■ ASSIGNED TASK:
The entries that follow include a run beginning at the line with "Acne Scar Remover" and ending at the line with "Line Art Gimp"; restate that run word for word and leave the rest out.

Segment Start: MATERIAL PROVIDED

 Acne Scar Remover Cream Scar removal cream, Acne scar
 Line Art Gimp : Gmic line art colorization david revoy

Segment End: MATERIAL PROVIDED
Segment Start: MATERIAL PROVIDED

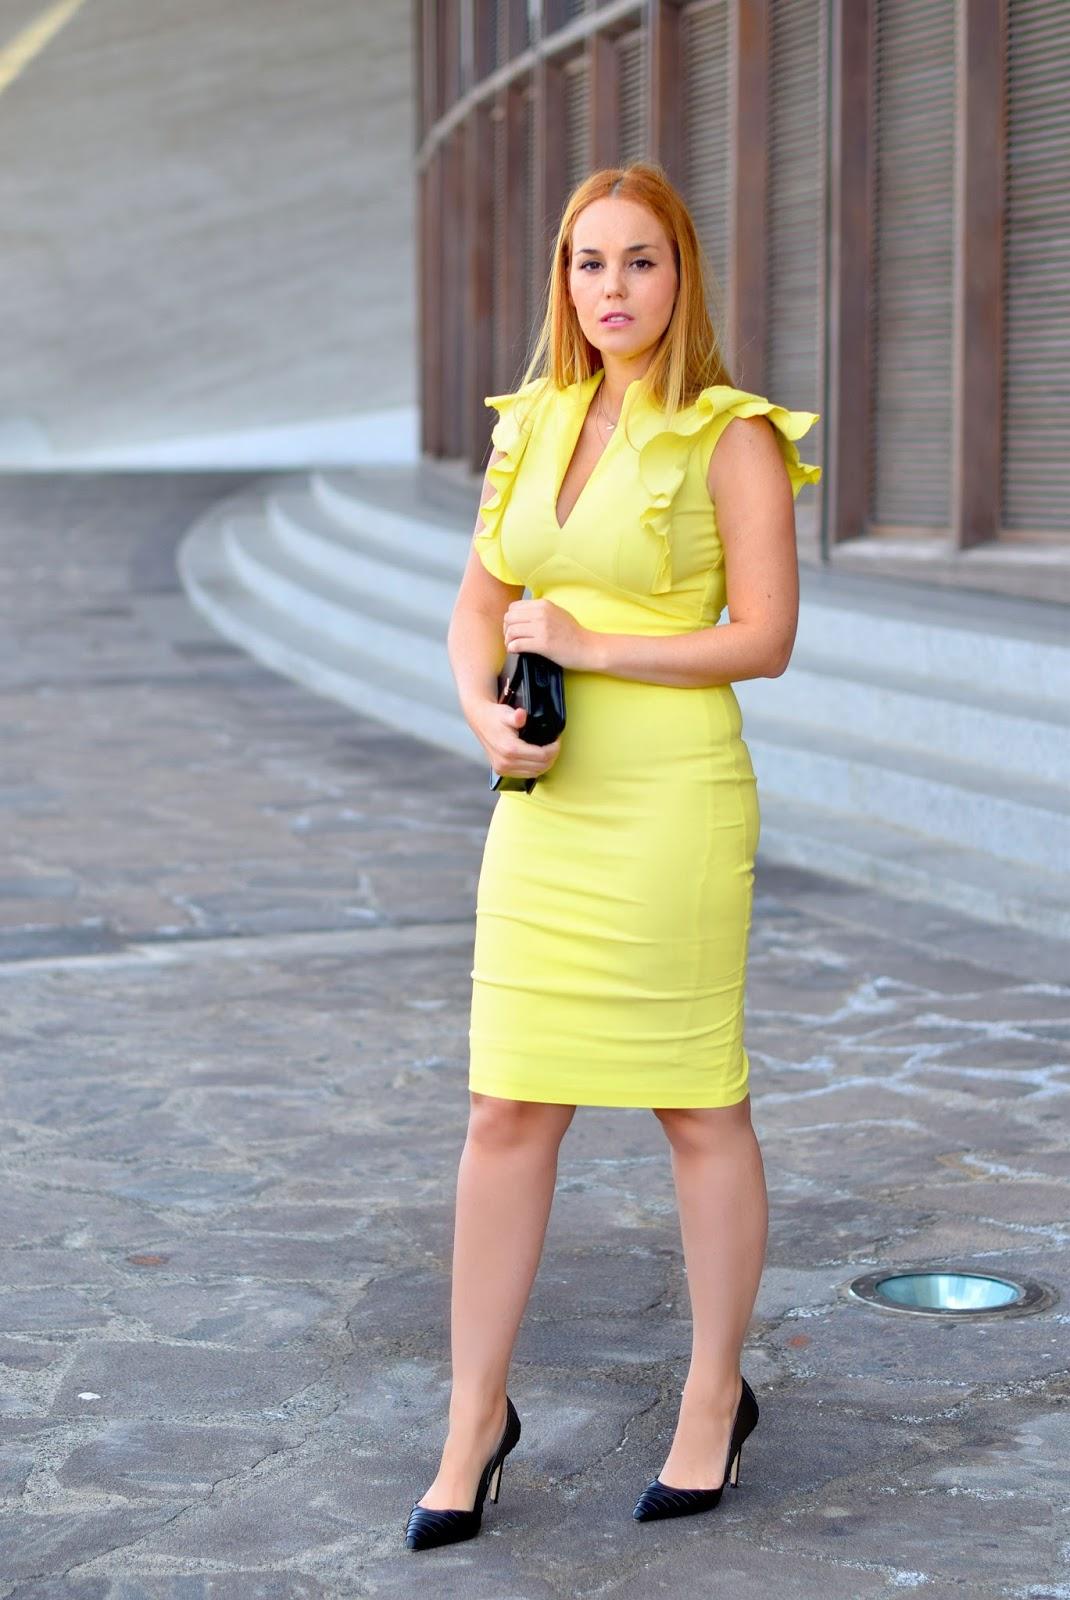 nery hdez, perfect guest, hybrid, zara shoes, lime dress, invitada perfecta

Segment End: MATERIAL PROVIDED

■ RESPONSE FOR THIS EXERCISE:
 Acne Scar Remover Cream Scar removal cream, Acne scar
 Line Art Gimp : Gmic line art colorization david revoy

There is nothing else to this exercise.